**Your objective:**
Given the entries that follow, write out exactly the lines starting at the one containing "Salon Yayınları Büyük Fikirler El Kitabı" and ending at the one containing "تی شرت آستین بلند مردانه تارکان کد btt 253-1", both ends included, and only those.

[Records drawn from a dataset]
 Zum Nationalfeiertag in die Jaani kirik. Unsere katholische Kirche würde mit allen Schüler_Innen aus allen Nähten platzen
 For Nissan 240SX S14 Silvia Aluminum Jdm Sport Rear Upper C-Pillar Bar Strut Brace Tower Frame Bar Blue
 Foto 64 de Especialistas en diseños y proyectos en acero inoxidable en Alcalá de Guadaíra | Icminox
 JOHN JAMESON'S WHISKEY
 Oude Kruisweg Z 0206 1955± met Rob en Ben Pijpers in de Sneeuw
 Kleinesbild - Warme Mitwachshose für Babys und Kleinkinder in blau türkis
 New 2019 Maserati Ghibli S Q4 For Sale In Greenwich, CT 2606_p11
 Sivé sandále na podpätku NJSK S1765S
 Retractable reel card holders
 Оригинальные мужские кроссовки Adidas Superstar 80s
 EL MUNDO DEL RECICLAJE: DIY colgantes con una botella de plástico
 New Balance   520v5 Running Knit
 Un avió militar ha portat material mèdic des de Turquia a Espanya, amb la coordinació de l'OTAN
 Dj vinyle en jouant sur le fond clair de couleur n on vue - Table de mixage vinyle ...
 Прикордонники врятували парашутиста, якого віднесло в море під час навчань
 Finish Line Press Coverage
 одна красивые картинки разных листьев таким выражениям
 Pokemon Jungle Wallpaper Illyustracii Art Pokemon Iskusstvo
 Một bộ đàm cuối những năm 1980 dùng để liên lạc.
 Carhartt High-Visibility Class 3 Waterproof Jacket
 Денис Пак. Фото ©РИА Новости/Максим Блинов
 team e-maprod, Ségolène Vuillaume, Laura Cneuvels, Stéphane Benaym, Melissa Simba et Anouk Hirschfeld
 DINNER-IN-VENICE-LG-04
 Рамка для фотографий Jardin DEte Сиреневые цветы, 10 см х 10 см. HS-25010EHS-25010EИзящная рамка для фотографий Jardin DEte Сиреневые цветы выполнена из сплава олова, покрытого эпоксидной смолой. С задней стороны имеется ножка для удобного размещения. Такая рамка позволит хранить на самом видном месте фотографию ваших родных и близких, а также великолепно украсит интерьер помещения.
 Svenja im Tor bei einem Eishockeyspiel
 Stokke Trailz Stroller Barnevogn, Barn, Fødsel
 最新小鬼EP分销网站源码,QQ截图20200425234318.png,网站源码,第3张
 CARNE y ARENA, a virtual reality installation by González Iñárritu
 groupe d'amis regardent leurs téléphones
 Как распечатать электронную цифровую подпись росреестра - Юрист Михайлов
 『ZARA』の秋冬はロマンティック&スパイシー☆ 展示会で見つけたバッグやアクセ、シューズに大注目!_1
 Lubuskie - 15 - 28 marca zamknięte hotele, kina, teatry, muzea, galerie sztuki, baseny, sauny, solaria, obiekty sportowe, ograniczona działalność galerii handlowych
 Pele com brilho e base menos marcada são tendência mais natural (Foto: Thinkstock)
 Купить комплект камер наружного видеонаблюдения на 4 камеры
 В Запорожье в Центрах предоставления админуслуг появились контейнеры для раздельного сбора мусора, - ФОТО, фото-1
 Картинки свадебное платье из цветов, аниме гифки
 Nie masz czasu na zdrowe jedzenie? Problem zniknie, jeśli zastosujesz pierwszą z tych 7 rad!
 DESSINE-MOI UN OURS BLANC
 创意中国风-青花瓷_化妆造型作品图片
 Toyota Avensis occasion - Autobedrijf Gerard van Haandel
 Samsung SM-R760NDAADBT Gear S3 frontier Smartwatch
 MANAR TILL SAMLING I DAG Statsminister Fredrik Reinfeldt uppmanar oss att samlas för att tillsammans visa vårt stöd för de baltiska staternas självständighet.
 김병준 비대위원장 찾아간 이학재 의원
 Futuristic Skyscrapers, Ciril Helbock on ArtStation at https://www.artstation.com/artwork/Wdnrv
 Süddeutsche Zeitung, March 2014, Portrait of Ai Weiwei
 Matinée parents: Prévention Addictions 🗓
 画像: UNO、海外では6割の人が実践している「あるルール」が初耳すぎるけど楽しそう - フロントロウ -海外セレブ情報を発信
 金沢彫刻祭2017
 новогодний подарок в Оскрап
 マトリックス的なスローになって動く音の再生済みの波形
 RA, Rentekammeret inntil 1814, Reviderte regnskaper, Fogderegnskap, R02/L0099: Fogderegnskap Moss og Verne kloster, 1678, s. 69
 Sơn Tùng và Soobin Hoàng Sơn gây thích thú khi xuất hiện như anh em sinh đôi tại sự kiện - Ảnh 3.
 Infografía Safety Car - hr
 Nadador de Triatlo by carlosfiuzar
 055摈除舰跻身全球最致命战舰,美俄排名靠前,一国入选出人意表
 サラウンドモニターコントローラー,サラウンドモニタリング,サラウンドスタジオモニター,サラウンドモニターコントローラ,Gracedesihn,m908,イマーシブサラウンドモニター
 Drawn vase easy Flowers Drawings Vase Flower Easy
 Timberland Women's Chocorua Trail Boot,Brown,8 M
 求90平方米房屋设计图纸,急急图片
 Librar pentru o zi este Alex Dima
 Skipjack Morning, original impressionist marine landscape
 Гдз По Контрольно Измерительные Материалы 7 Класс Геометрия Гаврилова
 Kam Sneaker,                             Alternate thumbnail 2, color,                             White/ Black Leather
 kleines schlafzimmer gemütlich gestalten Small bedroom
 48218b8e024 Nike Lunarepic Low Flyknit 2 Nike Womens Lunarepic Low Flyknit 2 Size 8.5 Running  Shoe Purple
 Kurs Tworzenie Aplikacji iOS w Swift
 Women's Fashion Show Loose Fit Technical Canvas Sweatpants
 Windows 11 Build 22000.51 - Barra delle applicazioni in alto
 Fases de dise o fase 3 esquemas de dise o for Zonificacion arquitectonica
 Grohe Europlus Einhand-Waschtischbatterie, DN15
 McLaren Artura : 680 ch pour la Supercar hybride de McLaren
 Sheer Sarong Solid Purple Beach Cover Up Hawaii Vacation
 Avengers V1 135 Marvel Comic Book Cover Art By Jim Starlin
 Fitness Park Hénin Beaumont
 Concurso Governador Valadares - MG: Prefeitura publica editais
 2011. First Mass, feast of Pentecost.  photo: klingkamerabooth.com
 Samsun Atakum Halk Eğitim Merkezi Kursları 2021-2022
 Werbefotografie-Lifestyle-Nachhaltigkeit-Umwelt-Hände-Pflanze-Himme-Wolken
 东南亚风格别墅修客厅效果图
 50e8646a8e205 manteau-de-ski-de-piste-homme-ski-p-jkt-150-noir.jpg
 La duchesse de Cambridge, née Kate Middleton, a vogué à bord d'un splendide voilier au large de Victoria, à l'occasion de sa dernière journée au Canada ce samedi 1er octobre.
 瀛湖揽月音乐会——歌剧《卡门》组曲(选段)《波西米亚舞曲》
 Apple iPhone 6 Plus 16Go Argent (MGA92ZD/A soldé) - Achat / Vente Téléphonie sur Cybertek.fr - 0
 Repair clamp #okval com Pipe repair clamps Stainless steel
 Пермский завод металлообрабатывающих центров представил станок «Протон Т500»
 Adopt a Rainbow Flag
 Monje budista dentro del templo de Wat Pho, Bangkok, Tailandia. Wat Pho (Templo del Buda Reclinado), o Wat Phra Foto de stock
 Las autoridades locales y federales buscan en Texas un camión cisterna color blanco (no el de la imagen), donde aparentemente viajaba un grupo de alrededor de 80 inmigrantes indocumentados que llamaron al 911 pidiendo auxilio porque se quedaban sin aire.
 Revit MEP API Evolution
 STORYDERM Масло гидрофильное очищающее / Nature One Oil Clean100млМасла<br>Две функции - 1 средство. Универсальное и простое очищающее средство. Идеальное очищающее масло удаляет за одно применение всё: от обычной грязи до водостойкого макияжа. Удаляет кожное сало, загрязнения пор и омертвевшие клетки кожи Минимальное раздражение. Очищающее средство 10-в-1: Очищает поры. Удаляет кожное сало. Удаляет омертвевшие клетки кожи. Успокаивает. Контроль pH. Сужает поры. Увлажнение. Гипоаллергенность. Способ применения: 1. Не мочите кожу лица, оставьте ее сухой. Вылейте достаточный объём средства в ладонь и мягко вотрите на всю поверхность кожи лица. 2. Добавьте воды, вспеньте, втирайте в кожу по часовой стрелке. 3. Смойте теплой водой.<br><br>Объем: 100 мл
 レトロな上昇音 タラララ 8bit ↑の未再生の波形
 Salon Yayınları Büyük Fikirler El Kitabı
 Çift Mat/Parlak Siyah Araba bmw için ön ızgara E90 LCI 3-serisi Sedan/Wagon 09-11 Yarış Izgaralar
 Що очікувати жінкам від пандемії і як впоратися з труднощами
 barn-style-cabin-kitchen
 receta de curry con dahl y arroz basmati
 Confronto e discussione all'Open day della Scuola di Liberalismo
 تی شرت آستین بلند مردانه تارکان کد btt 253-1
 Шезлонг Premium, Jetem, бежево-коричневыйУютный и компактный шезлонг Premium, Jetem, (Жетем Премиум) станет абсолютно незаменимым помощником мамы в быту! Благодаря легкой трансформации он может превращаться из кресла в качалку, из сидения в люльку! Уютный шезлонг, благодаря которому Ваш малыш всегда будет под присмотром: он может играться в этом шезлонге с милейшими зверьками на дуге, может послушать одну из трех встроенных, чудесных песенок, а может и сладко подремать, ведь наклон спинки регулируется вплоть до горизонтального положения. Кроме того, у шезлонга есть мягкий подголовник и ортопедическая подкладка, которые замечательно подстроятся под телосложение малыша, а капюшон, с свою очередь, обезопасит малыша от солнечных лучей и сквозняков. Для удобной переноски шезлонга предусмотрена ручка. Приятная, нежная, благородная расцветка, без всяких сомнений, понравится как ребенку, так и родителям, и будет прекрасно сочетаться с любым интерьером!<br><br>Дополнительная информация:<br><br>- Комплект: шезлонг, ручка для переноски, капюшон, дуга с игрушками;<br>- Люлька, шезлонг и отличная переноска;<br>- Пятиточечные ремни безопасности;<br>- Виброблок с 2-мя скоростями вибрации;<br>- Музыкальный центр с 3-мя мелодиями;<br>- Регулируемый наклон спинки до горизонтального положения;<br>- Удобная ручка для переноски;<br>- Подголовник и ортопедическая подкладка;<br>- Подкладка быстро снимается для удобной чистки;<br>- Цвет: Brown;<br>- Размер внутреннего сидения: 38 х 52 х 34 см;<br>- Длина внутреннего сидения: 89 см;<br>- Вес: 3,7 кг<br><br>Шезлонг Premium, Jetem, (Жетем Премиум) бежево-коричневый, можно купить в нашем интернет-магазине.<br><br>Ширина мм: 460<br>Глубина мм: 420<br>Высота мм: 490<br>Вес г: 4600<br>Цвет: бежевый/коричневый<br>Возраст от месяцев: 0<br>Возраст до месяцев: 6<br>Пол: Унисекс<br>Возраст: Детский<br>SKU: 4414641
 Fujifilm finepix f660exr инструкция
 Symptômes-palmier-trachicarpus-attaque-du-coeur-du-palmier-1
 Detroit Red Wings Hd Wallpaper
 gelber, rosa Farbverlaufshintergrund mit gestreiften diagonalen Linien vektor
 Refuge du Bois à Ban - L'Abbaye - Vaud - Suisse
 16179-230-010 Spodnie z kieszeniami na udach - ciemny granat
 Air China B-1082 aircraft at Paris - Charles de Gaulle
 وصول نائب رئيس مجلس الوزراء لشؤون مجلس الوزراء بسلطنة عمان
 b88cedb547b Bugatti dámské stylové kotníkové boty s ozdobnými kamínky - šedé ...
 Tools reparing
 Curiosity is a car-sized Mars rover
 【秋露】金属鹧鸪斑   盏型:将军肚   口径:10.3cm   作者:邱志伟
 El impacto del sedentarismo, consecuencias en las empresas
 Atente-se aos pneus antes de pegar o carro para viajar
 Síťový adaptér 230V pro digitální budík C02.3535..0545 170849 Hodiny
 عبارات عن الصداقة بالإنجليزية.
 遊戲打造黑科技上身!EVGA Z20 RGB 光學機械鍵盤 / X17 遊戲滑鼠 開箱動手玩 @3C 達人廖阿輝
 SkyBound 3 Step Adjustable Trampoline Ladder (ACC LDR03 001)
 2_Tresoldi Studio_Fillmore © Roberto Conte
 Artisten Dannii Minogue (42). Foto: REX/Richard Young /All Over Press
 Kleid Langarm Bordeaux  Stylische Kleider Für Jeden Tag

**Written solution:**
 Salon Yayınları Büyük Fikirler El Kitabı
 Çift Mat/Parlak Siyah Araba bmw için ön ızgara E90 LCI 3-serisi Sedan/Wagon 09-11 Yarış Izgaralar
 Що очікувати жінкам від пандемії і як впоратися з труднощами
 barn-style-cabin-kitchen
 receta de curry con dahl y arroz basmati
 Confronto e discussione all'Open day della Scuola di Liberalismo
 تی شرت آستین بلند مردانه تارکان کد btt 253-1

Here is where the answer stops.